• [THE DATA]
+ + + +

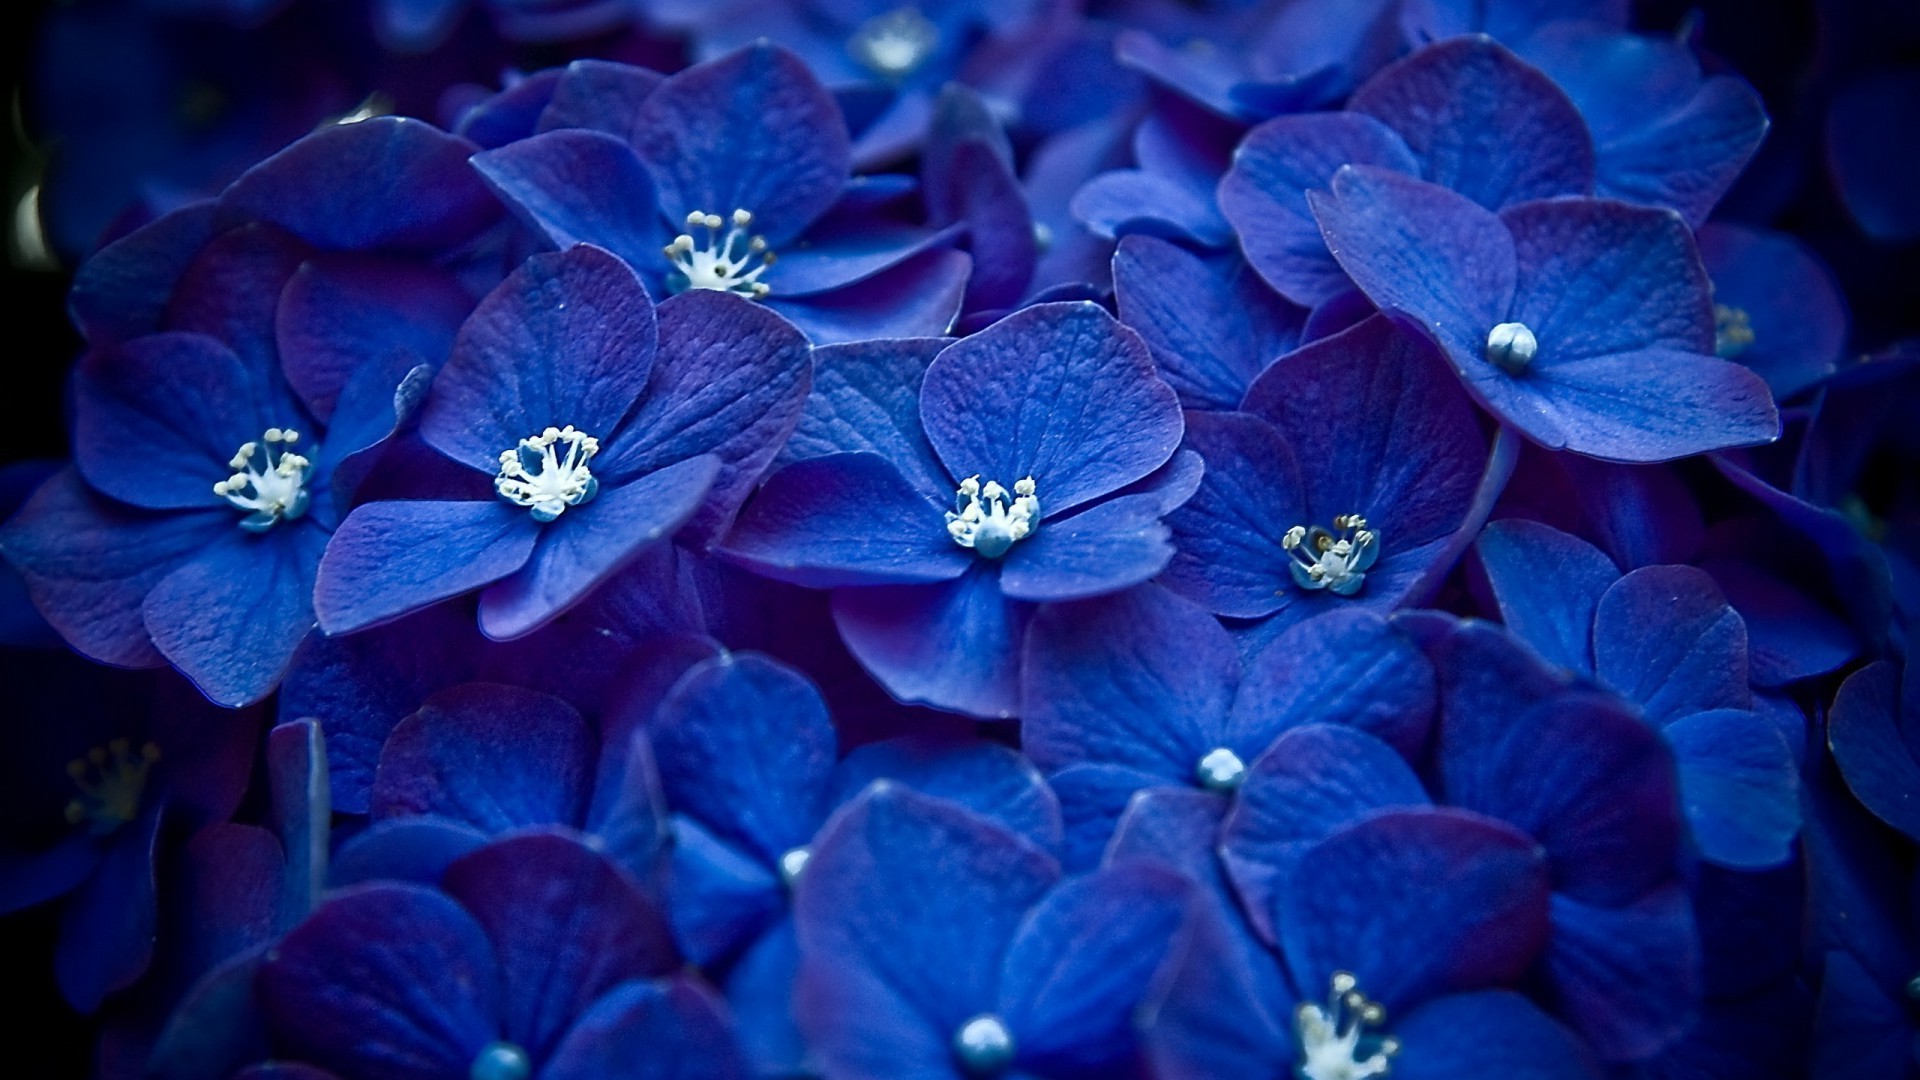 Обои на айфон синие цветы
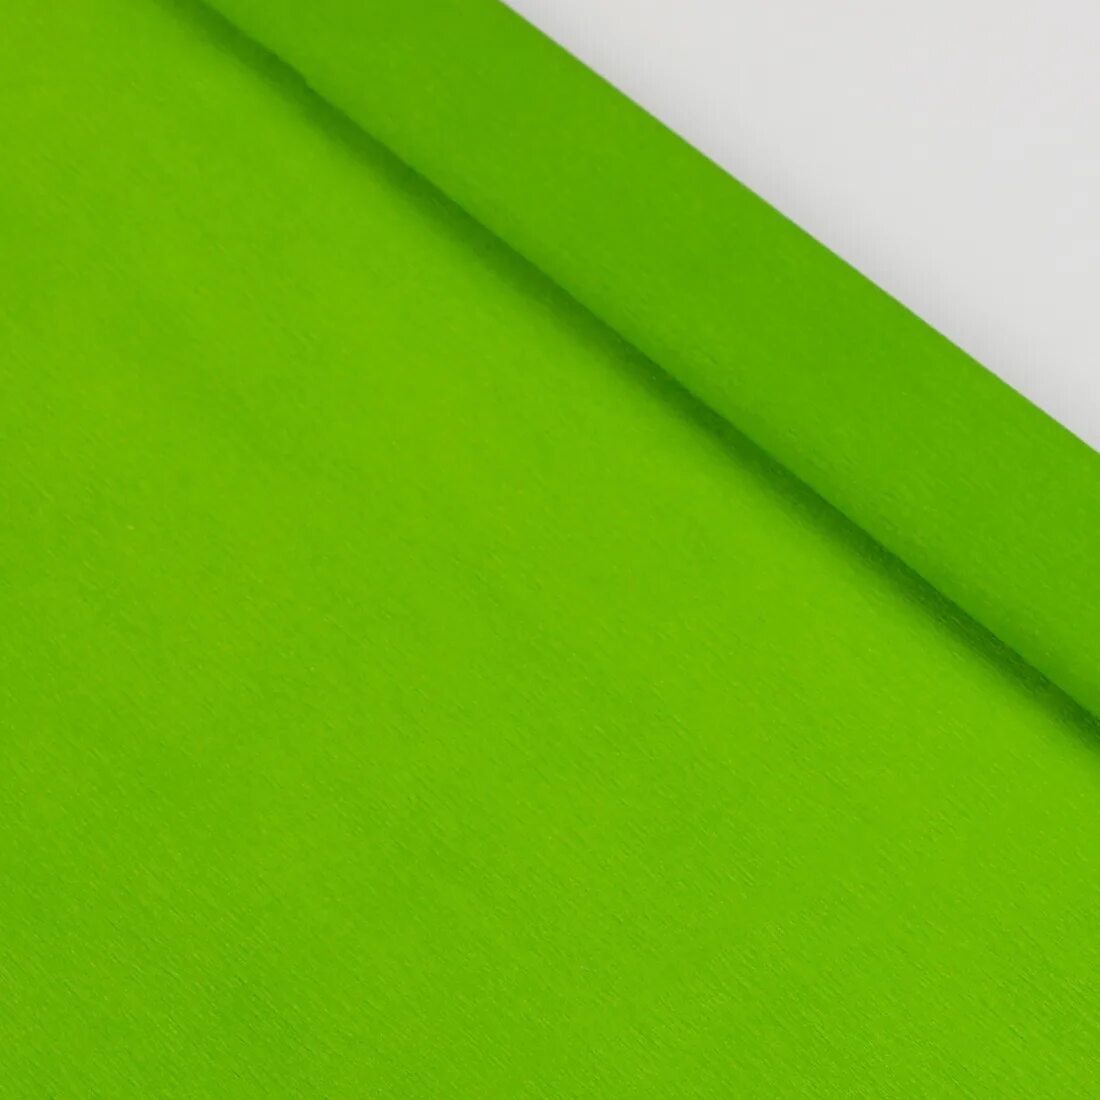 Бумага крепированная, зелёная. Цветная бумага зеленого цвета. Бумага салатового цвета. Зеленый цвет бумаги.
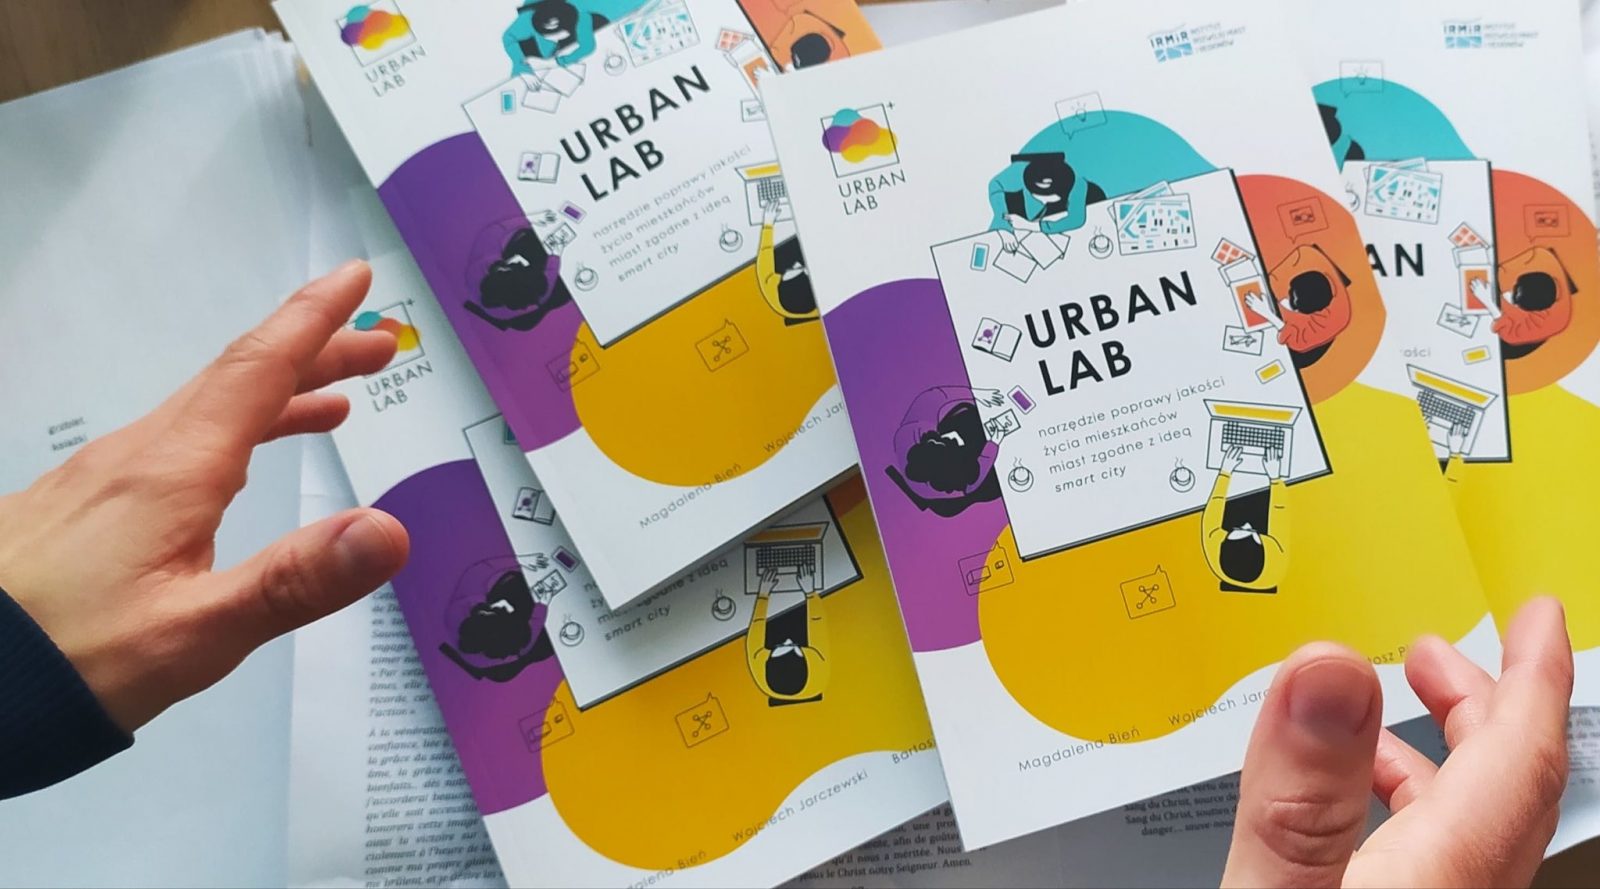 Okładka książki URBAN LAB narzędzie poprawy jakości życia mieszkańców miast zgodne z ideą smart city

+ + + +

Print verbatim every line above, apart from the pictures.

• [EXERCISE SOLUTION]
 Обои на айфон синие цветы
 Бумага крепированная, зелёная. Цветная бумага зеленого цвета. Бумага салатового цвета. Зеленый цвет бумаги.
 Okładka książki URBAN LAB narzędzie poprawy jakości życia mieszkańców miast zgodne z ideą smart city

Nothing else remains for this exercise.